In 1987 China was the world's largest producer of rice, and the crop made up a little less than half of the country's total grain output. In a given year total rice output came from four different crops. The early rice crop grows primarily in provinces along the Yangtze River and in provinces in the south; it is planted in February to April and harvested in June and July and contributes about 34 percent to total rice output. Intermediate and single-crop late rice grows in the southwest and along the Yangtze River; it is planted in March to June and harvested in October and November and also contributed about 34 percent to total rice output in the 1980s. Double-crop late rice, planted after the early crop is reaped, is harvested in October to November and adds about 25 percent to total rice production. Rice grown in the north is planted from April to June and harvested from September to October; it contributes about 7 percent to total production.

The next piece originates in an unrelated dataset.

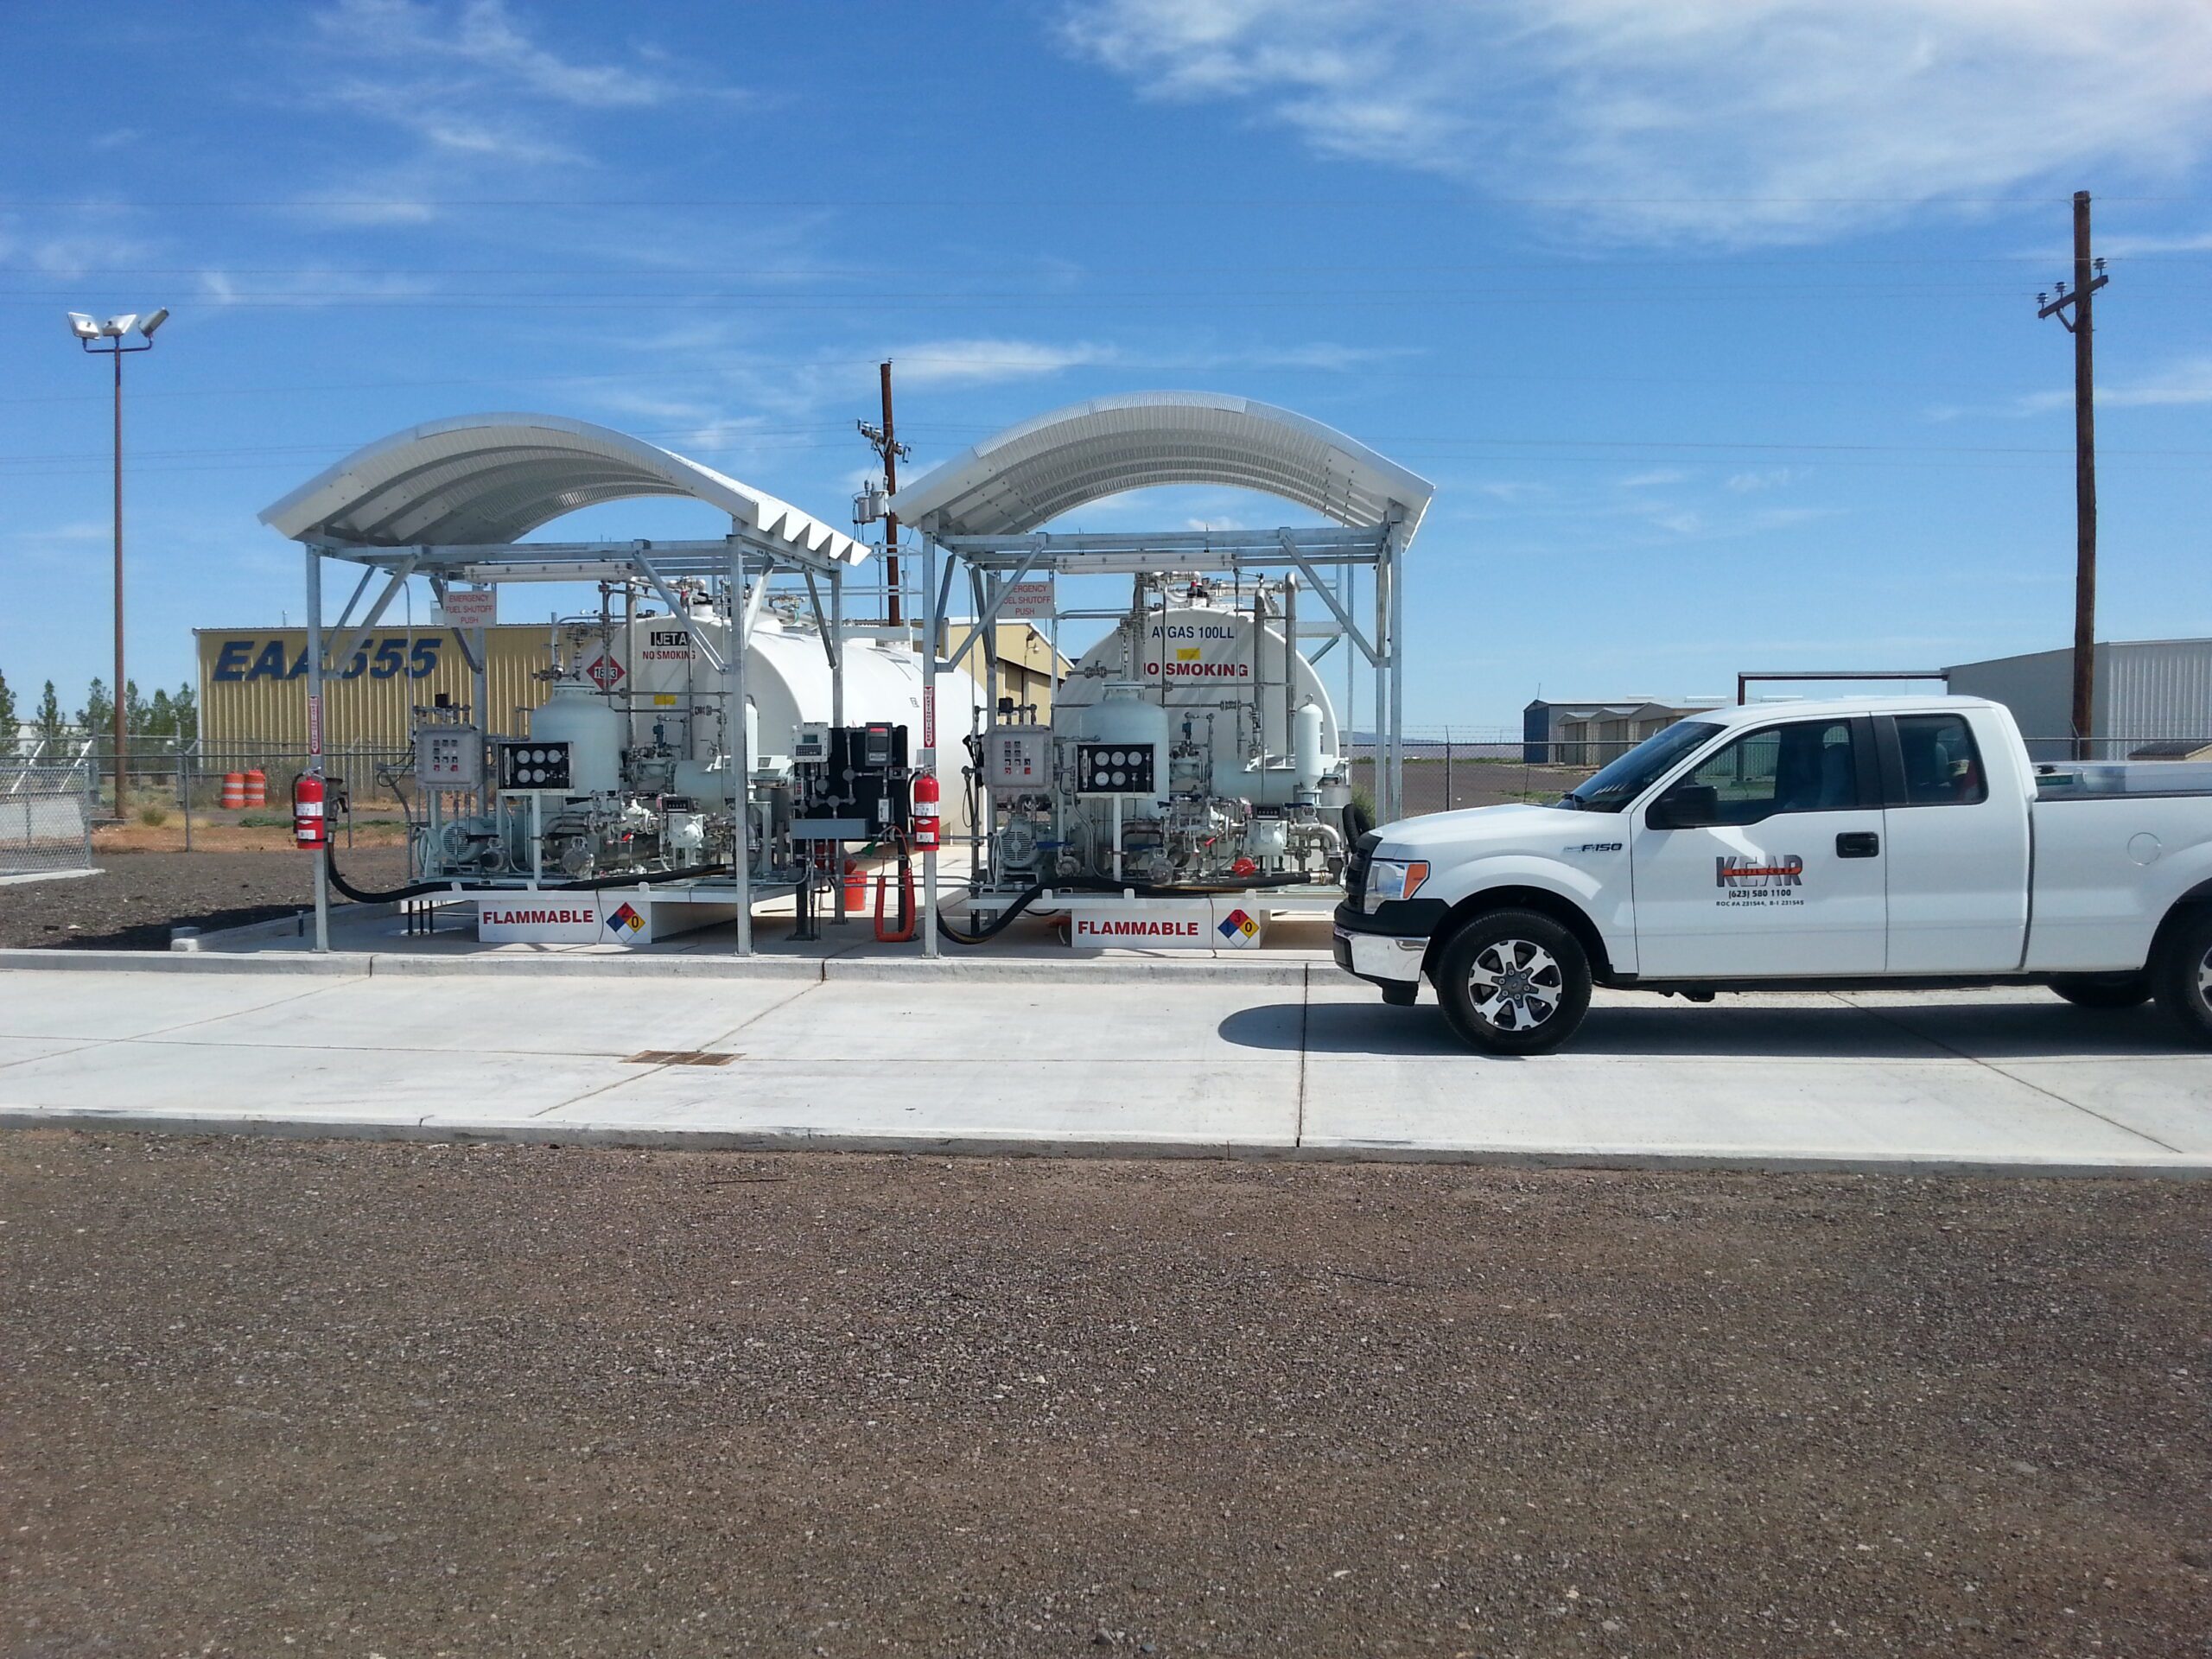 A white pickup truck parked at the New Mexico Fuel Farm with multiple pumps under canopies, displaying various flammable signs.
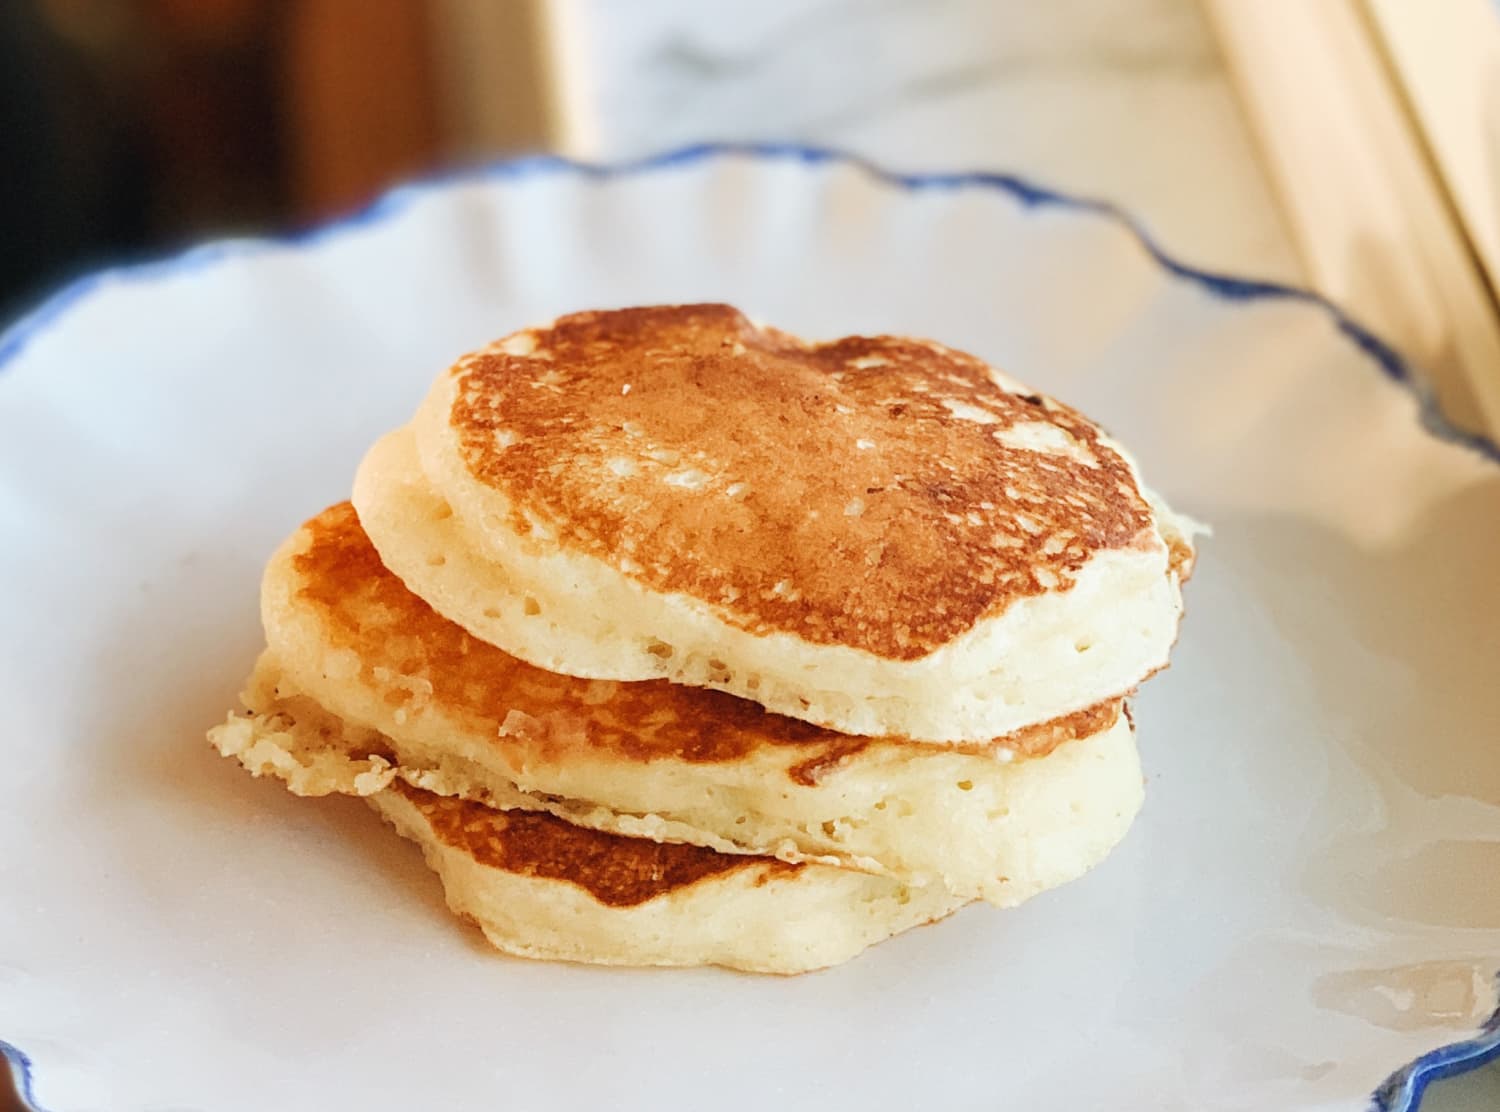 The Practically Perfect Pancake Recipe I Make Over and Over

All rice cultivation is highly labor-intensive. Rice is generally grown as a wetland crop in fields flooded to supply water during the growing season. Transplanting seedlings requires many hours of labor, as does harvesting. Mechanization of rice cultivation is only minimally advanced. Rice cultivation also demands more of other inputs, such as fertilizer, than most other crops.

Rice is highly prized by consumers as a food grain, especially in south China, and per capita consumption has risen through the years. Also, as incomes have risen, consumers have preferred to eat more rice and less potatoes, corn, sorghum, and millet. Large production increases in the early 1980s and poor local transportation systems combined to induce farmers to feed large quantities of lower quality rice to livestock.

In 1987 China ranked third in the world as a producer of wheat. Winter wheat, which in the same year accounted for about 88 percent of total national output, is grown primarily in the Yangtze River Valley and on the North China Plain. The crop is sown each fall from September through November and is harvested in May and June the subsequent year. Spring wheat is planted each spring in the north and northeast and is harvested in late summer. Spring wheat contributes about 12 percent of total wheat output.

Wheat is the staple food grain in north China and is eaten in the form of steamed bread and noodles. Per capita consumption has risen, and the demand for wheat flour has increased as incomes have risen. Wheat has been by far the most important imported grain.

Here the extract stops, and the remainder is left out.